Heartache
When you truly love someone, you pour your everything into keeping a smile on their face, a sparkle in their eye, and their heart light, and full of love.
But what happens, when the love, becomes a deep sadness, that is seemingly inescapable? Would one hold on, and hope for better times?
Or would one be desperate to free themselves from the heartache? What began as a source of happiness, has now become and abys of sadness that seems too deep to escape.
The sadness begins to drown your soul, and deprive you of the very breath in your lungs. Your heart, no longer beats in happiness, but instead, beats in anxiety and fear. Anger and regret.
So how does one survive this?
For me, I barely did. The pain that weighed on my heart began to suck the life and energy from me. Along with the will to pursue my greatest dreams.
I began to stop doing things I'd done all my life, the joy I once had in the simple things in life began fading faster and faster in a seemingly eternal cycle of pain and tears.

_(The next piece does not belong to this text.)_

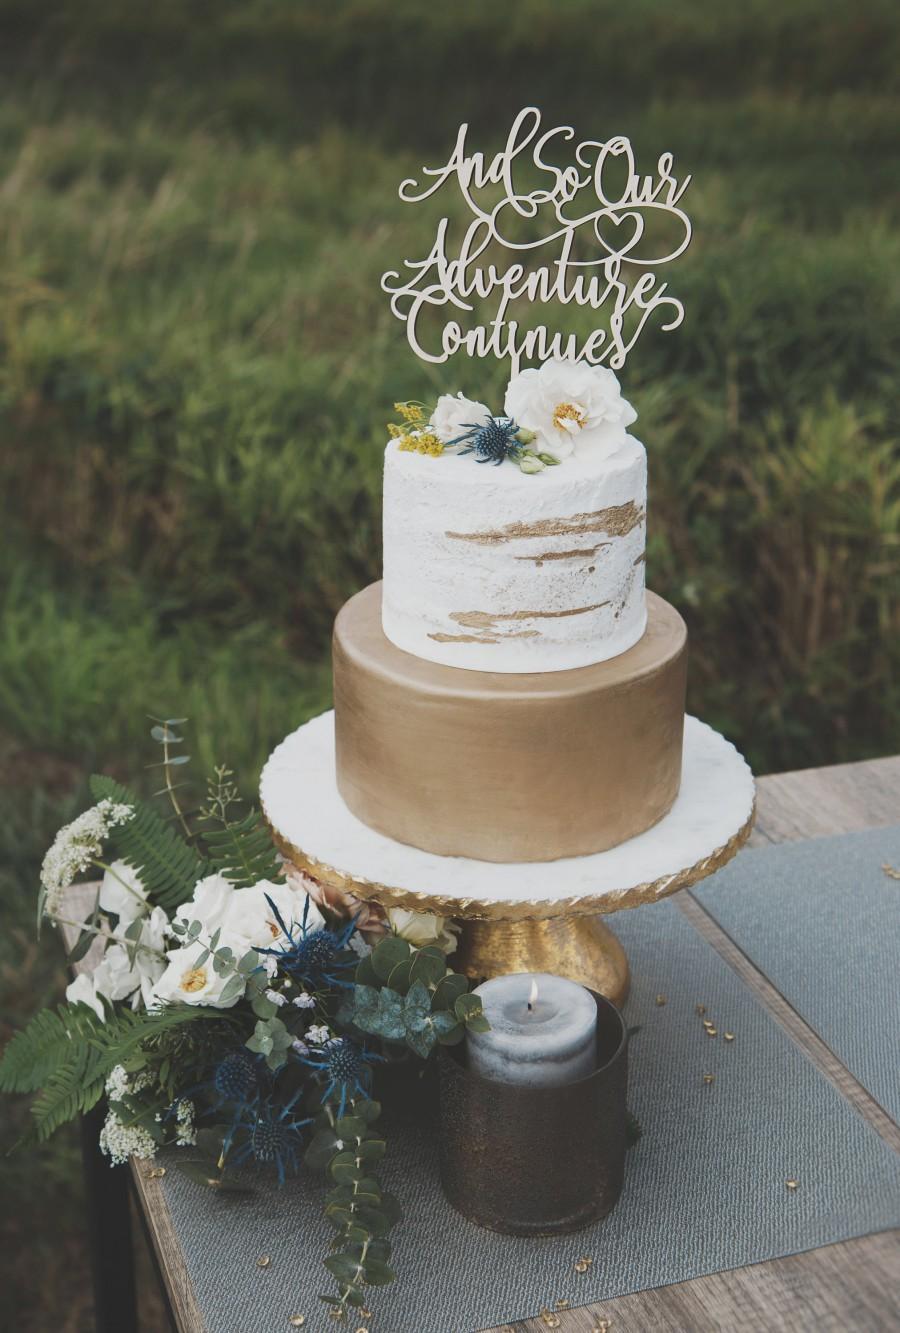 زفاف - Adventure Continues Wedding Cake Topper, Adventure Begins, Wedding Cake Topper, Wedding Decor, Wedding Cake Toppers, Cake Topper Wedding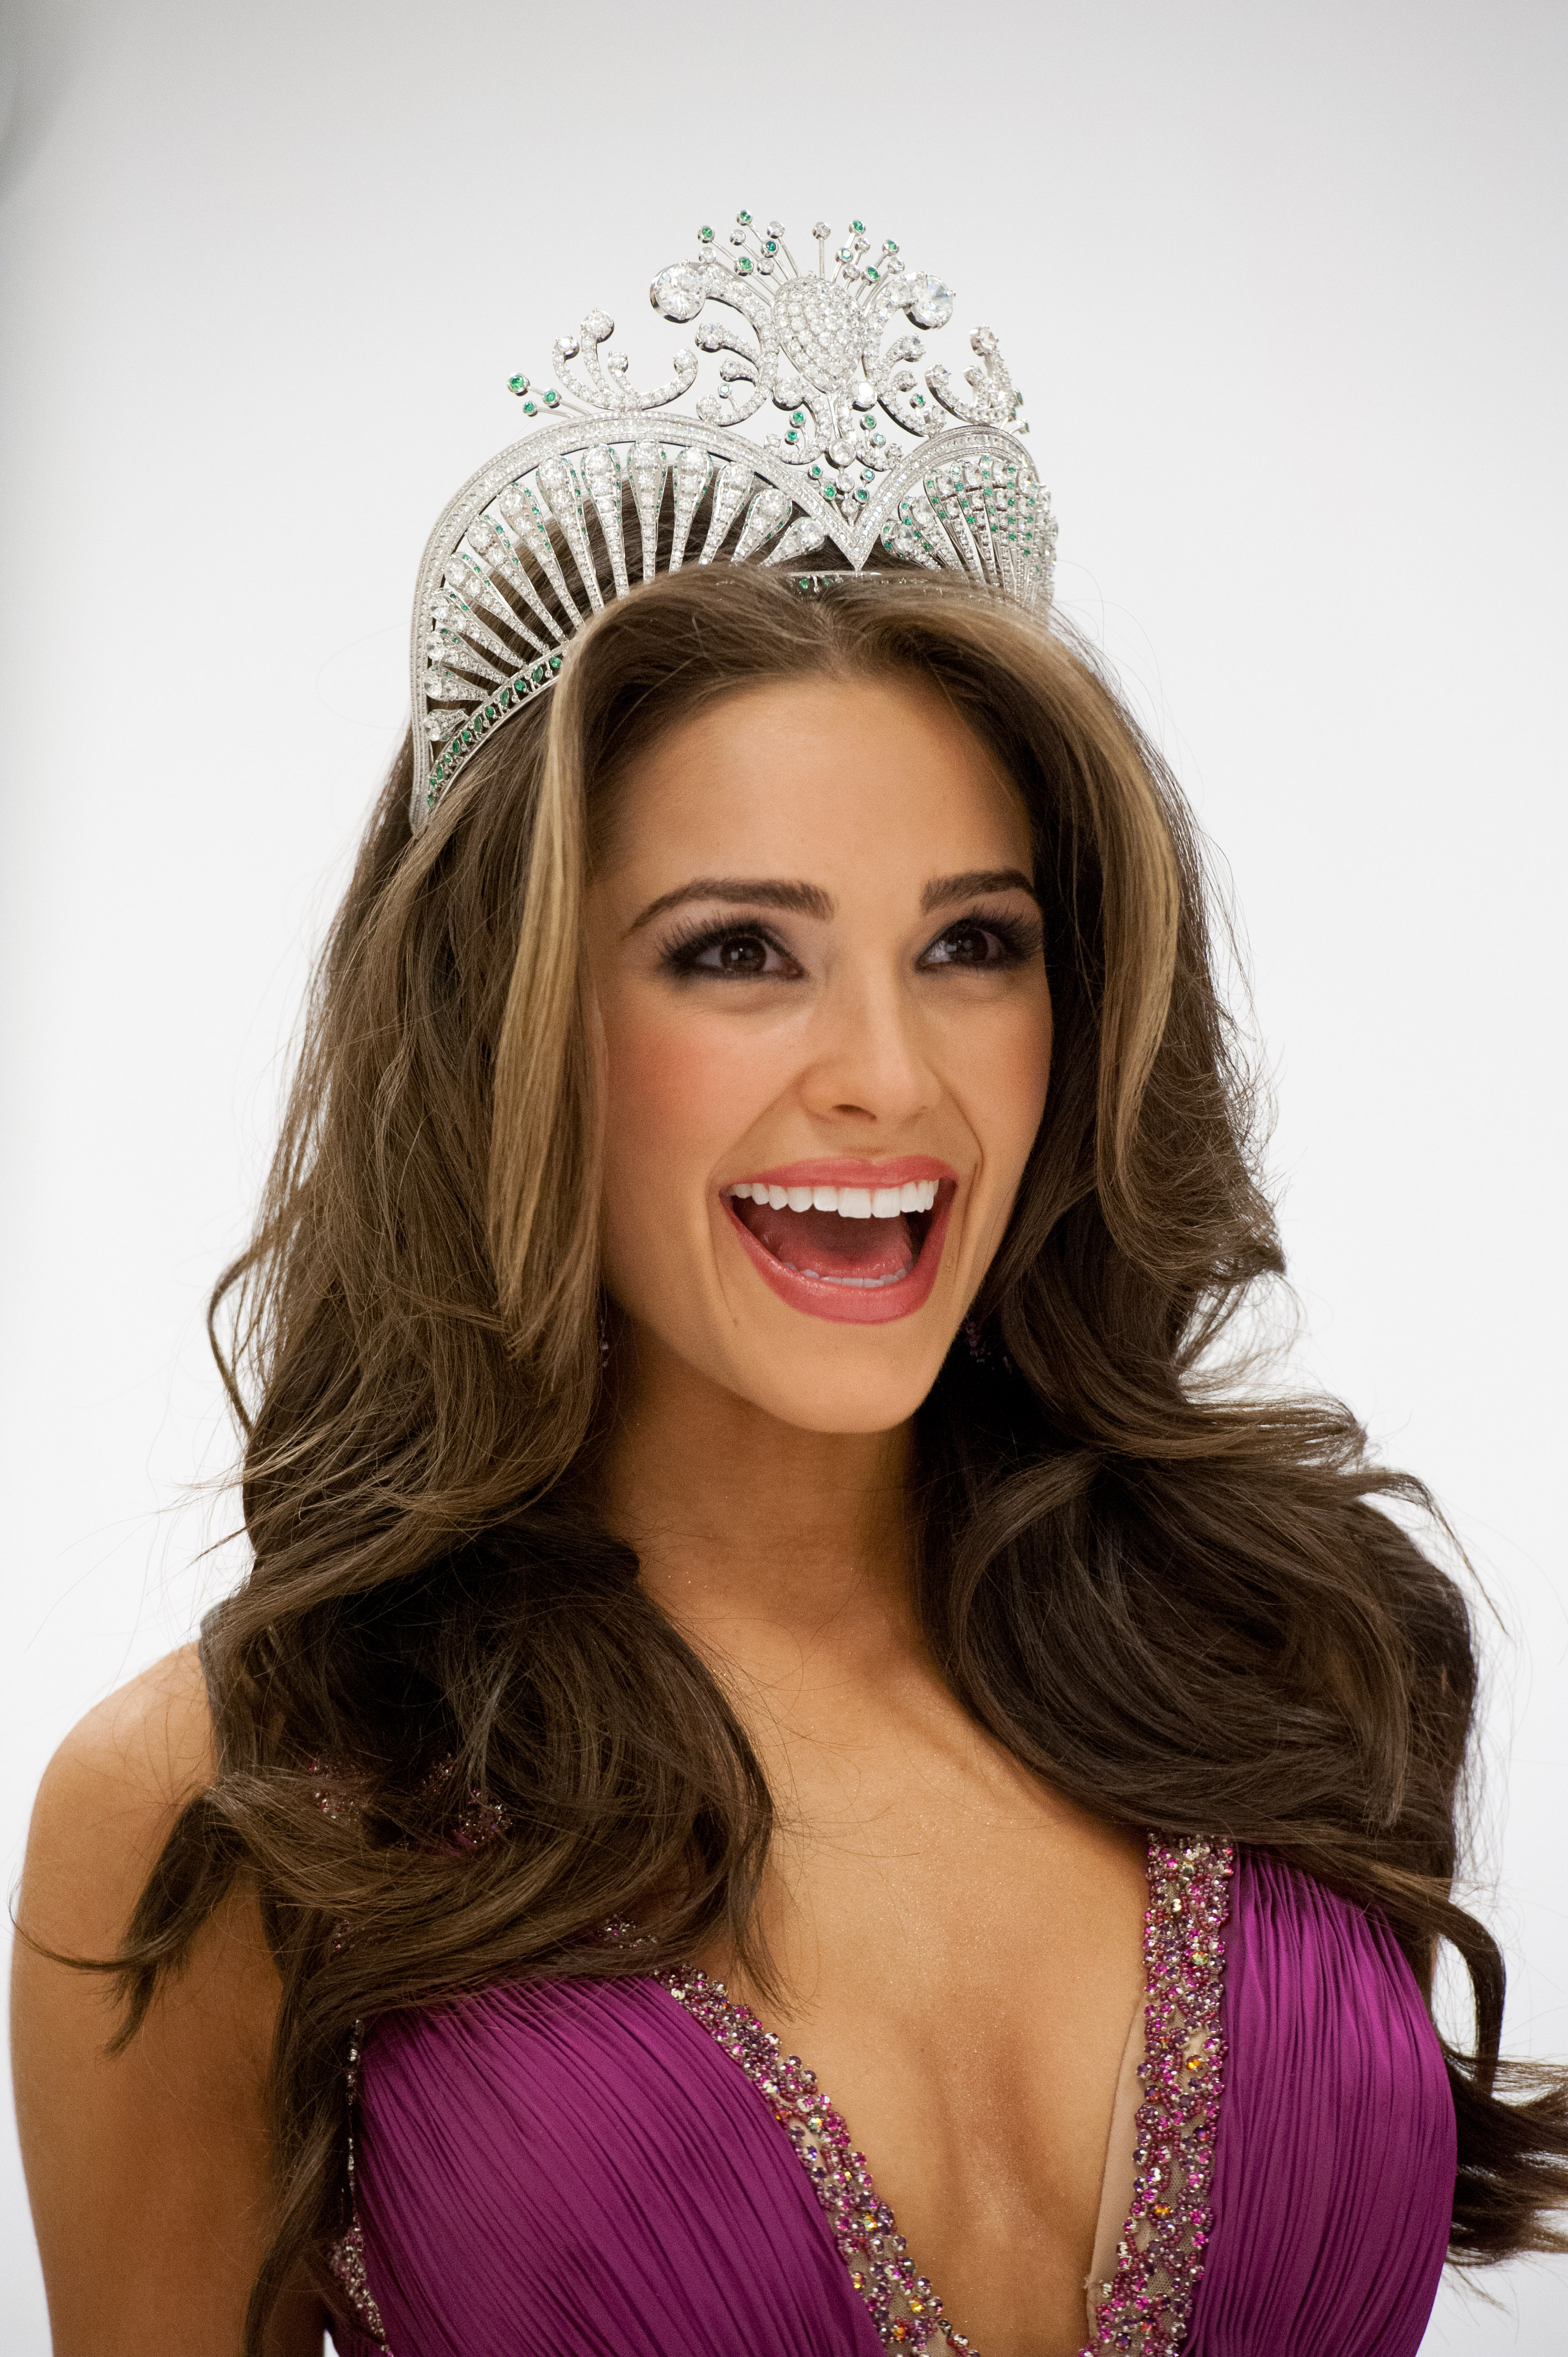 Olivia Culpo: Miss Universe

I stopped drawing, singing, and playing guitar. I stopped looking forward to going to school and began to dread the very thought of it.
I dreaded the judging eyes, and critical glances. The very idea of walking those halls turned my stomach because all I could feel was either judgement and criticism, or resentment and hatred.
Not even the support from the few friends I had was enough to dull the pain and let me breathe again. By the next year, more people knew me and even less people spoke to me.
Those people that I thought would stick around to help me out, became more and more distant. I began to feel like the new girl in town all over again.
I felt like nobody knew me or even wanted to speak to me. While I was going through counseling, all the goals that I had made, became hollow and empty.